**What is being asked:** Return each line exactly, beginning with the one that has "AMGアナログFX23の再生済みの波形" and finishing with the final line of the material. Drop any pictures.

-- Data provided follows --

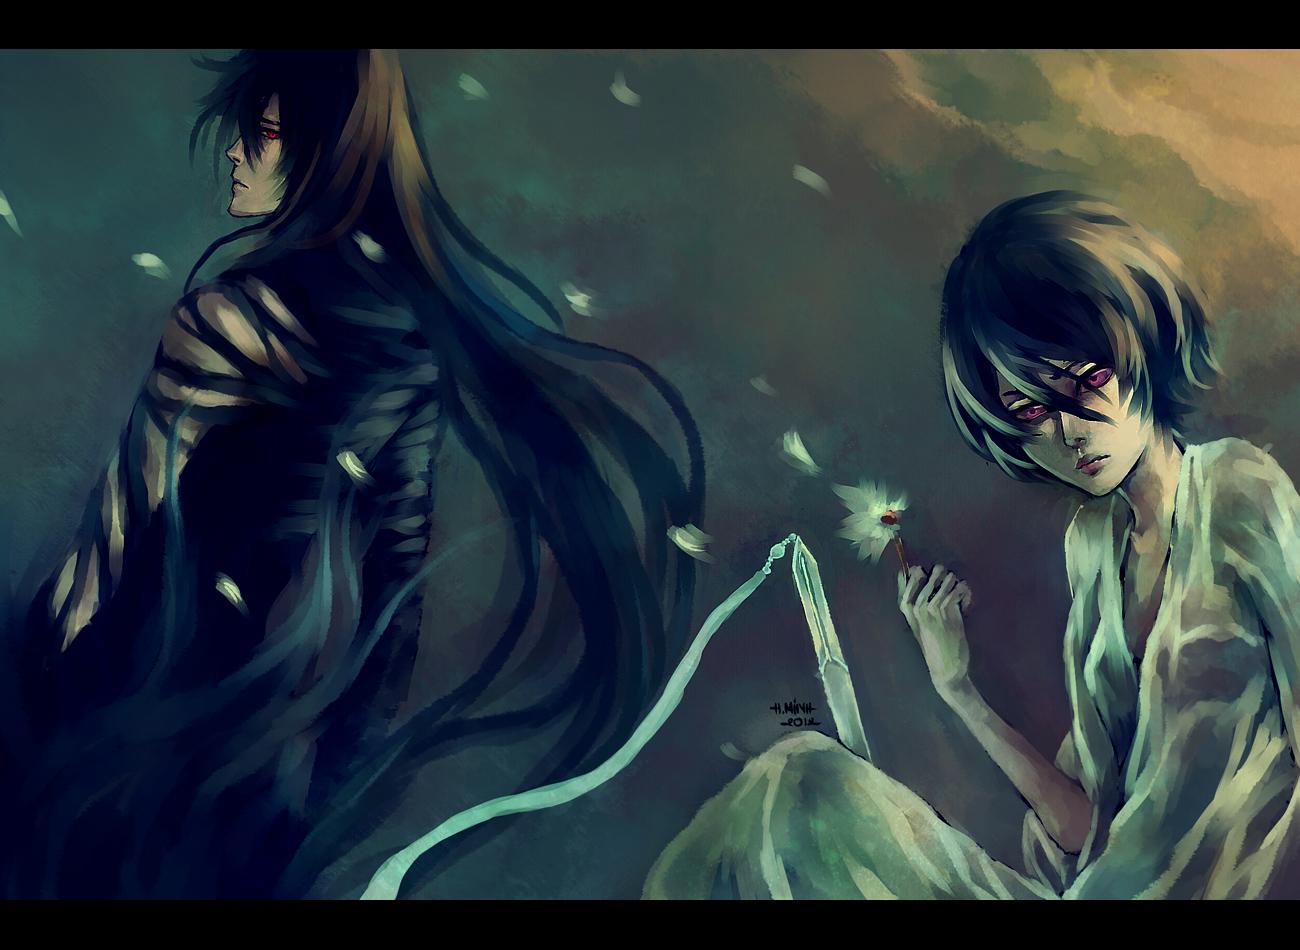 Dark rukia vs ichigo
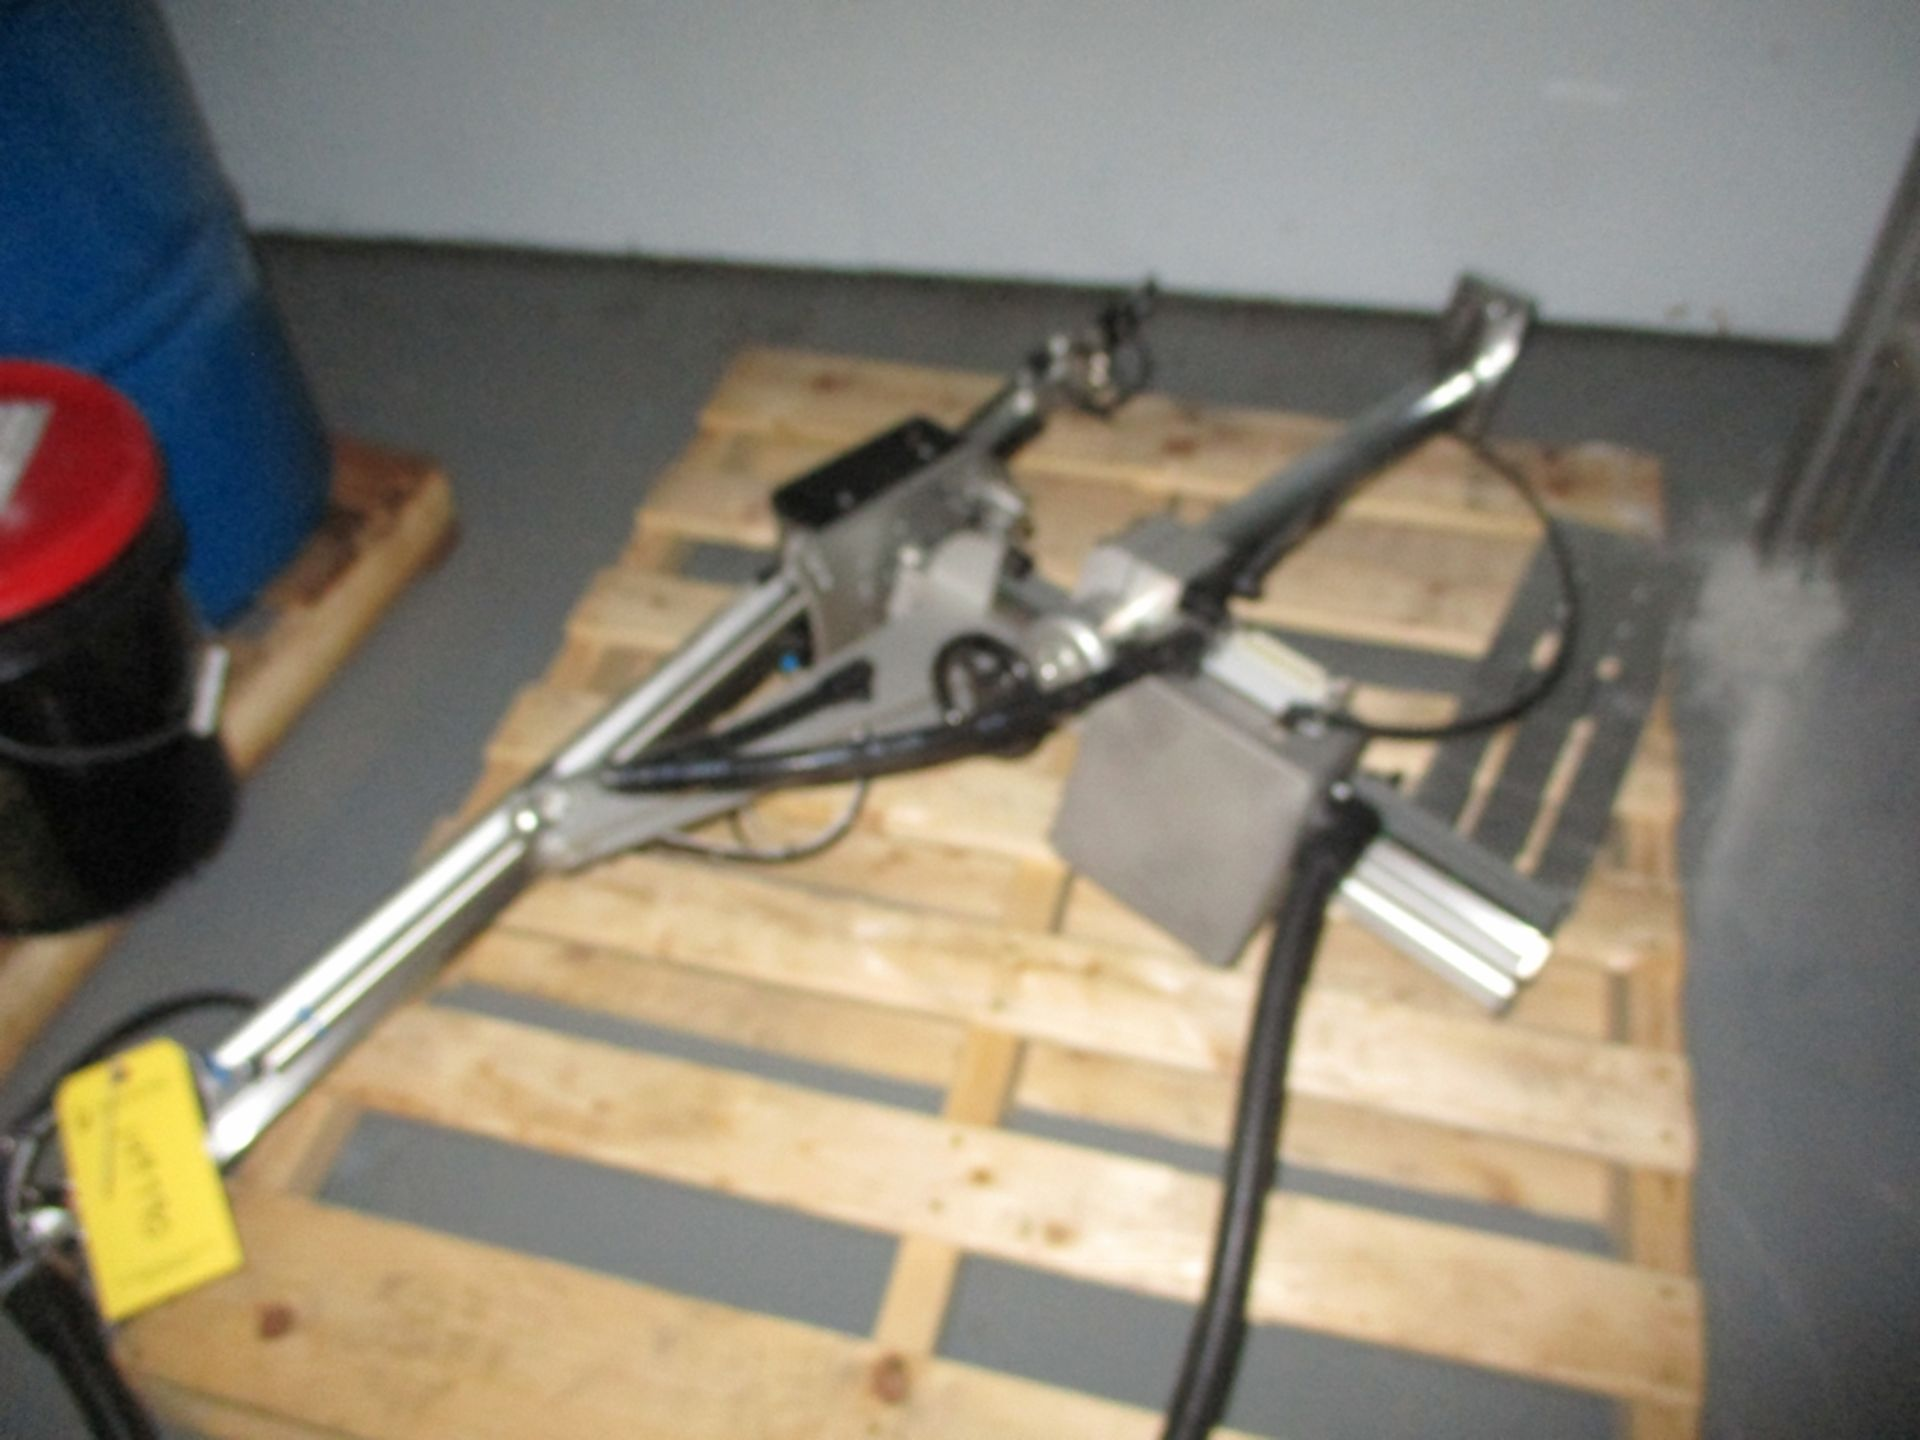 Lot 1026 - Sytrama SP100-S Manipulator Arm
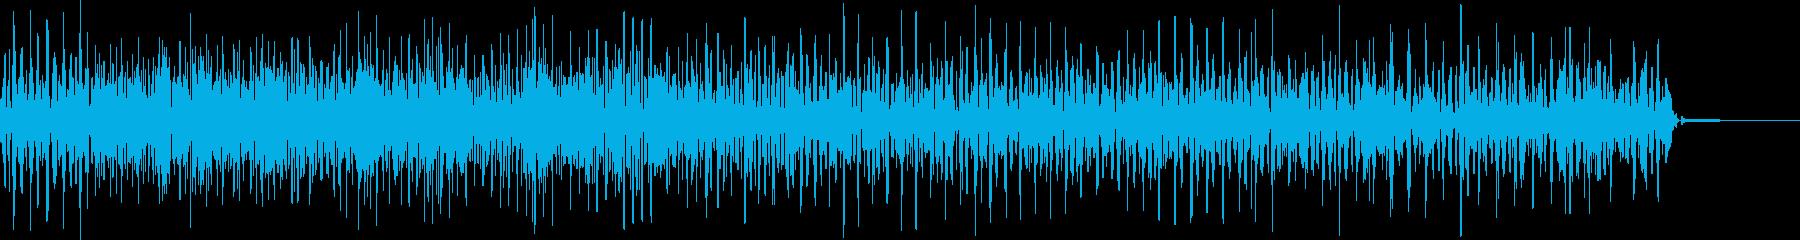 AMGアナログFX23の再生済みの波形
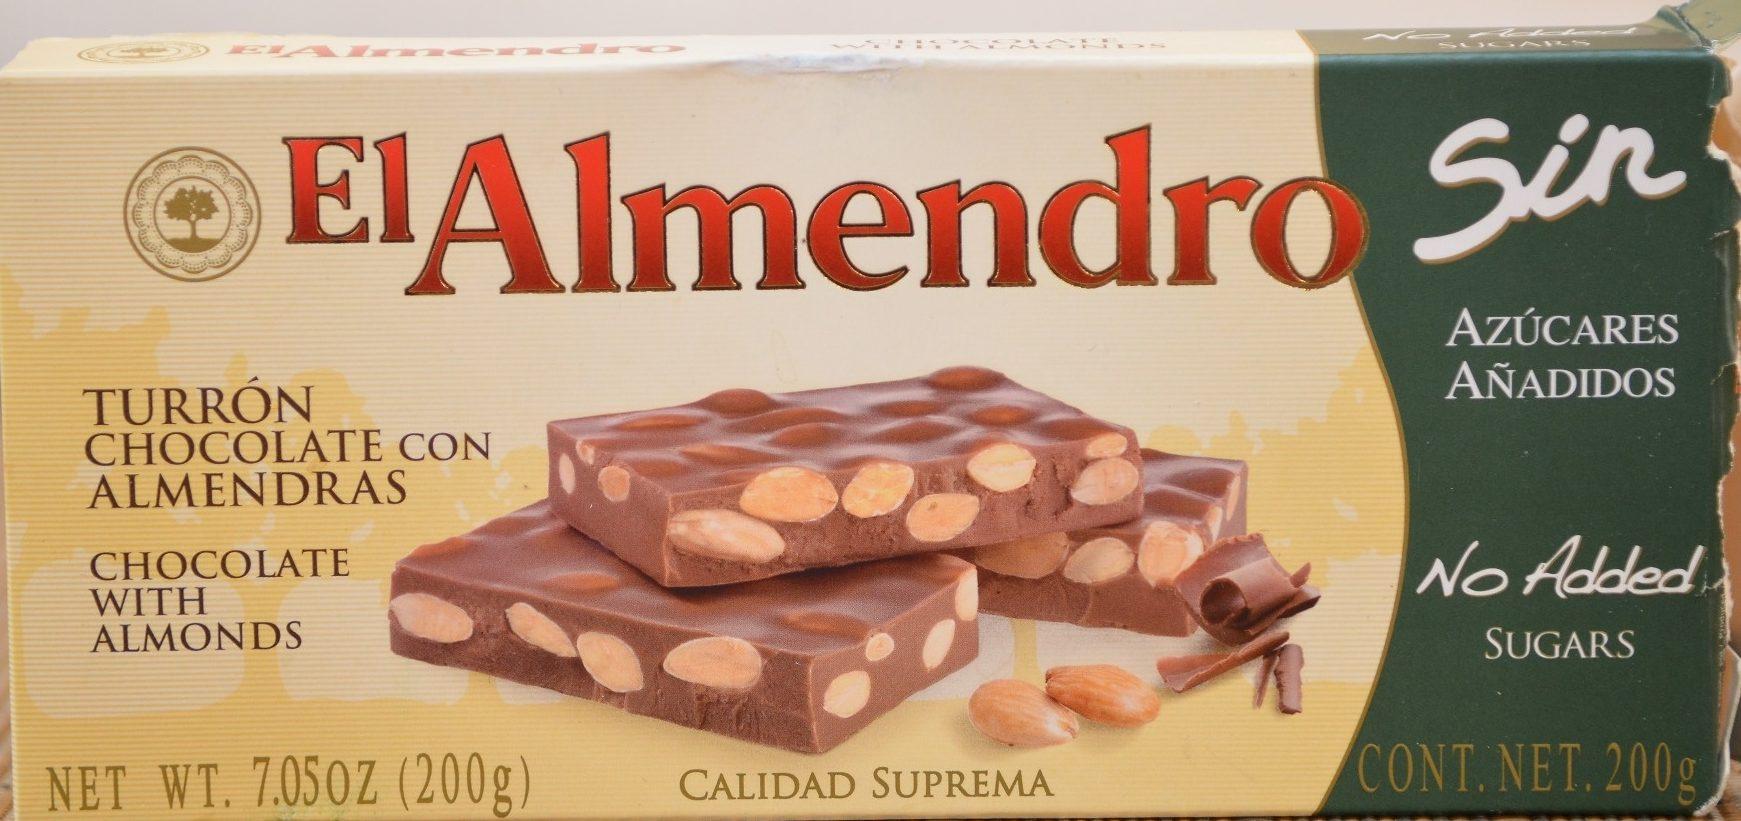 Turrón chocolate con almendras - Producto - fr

-- Data provided concluded --

**Solution to this exercise:**
 AMGアナログFX23の再生済みの波形
 Turrón chocolate con almendras - Producto - fr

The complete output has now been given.